Now that same-sex marriages are legal in the U.S. and Canada, should the Christian Reformed Church allow couples in a same-sex marriage to be members of the denomination? Should CRC members participate in the wedding of two persons of the same sex? Should CRC clergy be permitted to officiate? Can the state force a church to let its facilities be used for such a wedding?

Those were just some of the questions that prompted Synod 2013 to appoint a committee to provide pastoral guidance to churches, back when same-sex marriage was already legal in Canada and in several jurisdictions in the U.S. The committee’s recommendations will come to Synod 2016 by way of two reports. Two of the committee’s members, while agreeing with much of the majority report, disagreed with some of the recommendations of the majority of the committee and are bringing forward a minority report on some of the recommendations. Synod will decide which recommendations to adopt.

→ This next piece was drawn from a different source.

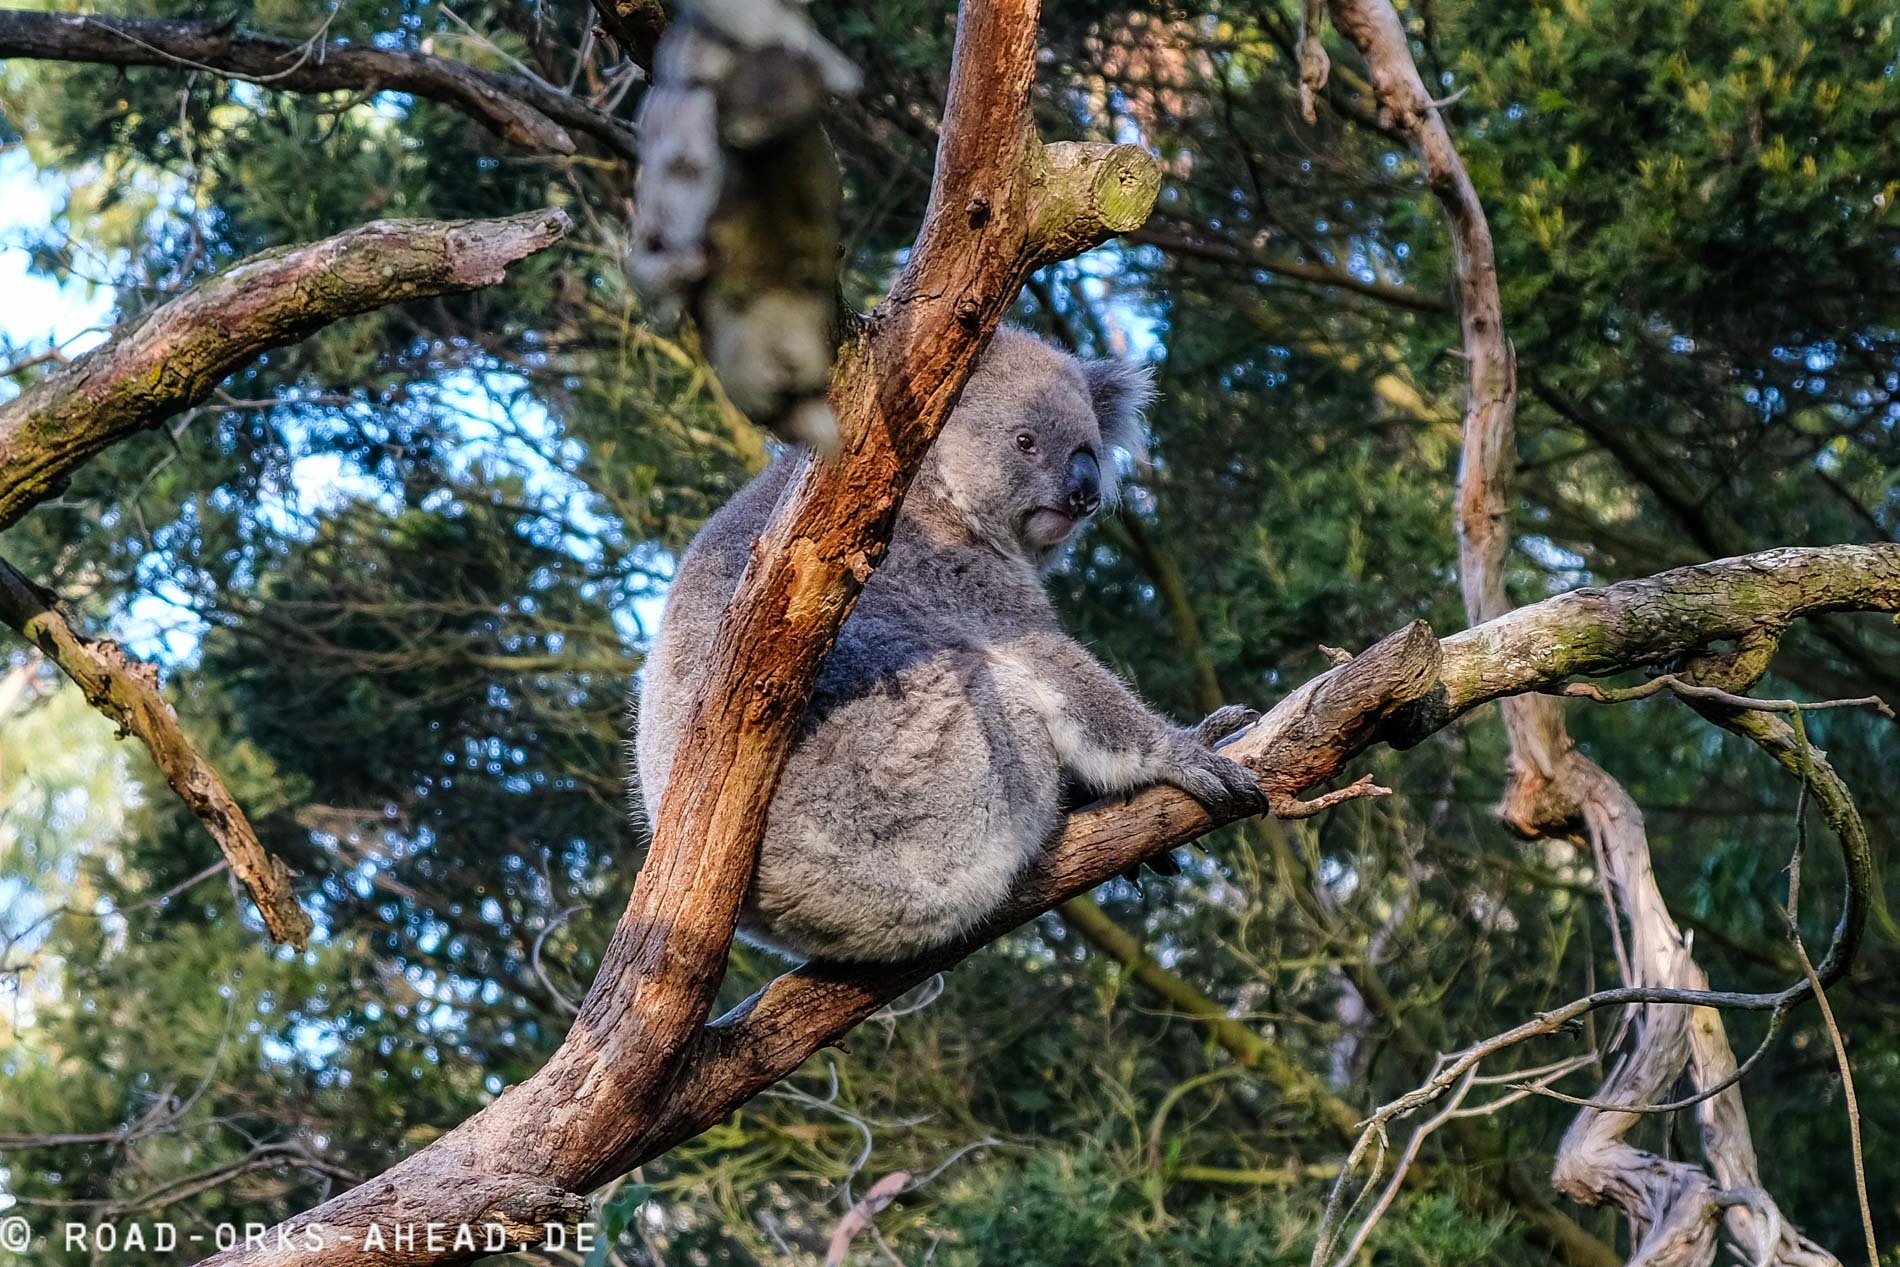 Phillip Island - Koala Conservation Center

What follows here is a brief summary of an extensive report that includes four appendices.

The committee’s mandate stipulated that guidance provided by the committee be in line with the CRC’s position on homosexuality, adopted in 1973 and affirmed in 2002, namely, that same-sex orientation is not sinful, but homosexual activity is. “Some have suggested that the committee cannot fulfill its mandate without opening up larger issues, including the denomination’s biblical and theological position on homosexuality,” the authors wrote.

The committee said that broader questions about homosexuality and the church’s ministry warrant further study and discussion, but that this committee focused its attention on civil same-sex marriage.

The committee framed its recommendations within a larger discussion of the differences between civil marriage and religious marriage, and the interest of both the church and the state in regulating marriage in a pluralist society. It affirmed that religious marriage, as understood by the CRC, is a covenant relationship between a man and a woman. While authors of both the majority and minority reports cited the CRC’s 1980 statement on marriage, the minority report authors do so much more extensively.

The committee wrote that “the church in its ministry is moving in shifting cultural waters. . . . If there is a primary message from the committee’s listening sessions and survey, it is that a wide variety of experiences and social settings exist within the CRC.” It further cautions that any set of guidelines will leave “a great number of people unsatisfied in some way or another.”
So what guidelines are offered? Here are just a few of them. 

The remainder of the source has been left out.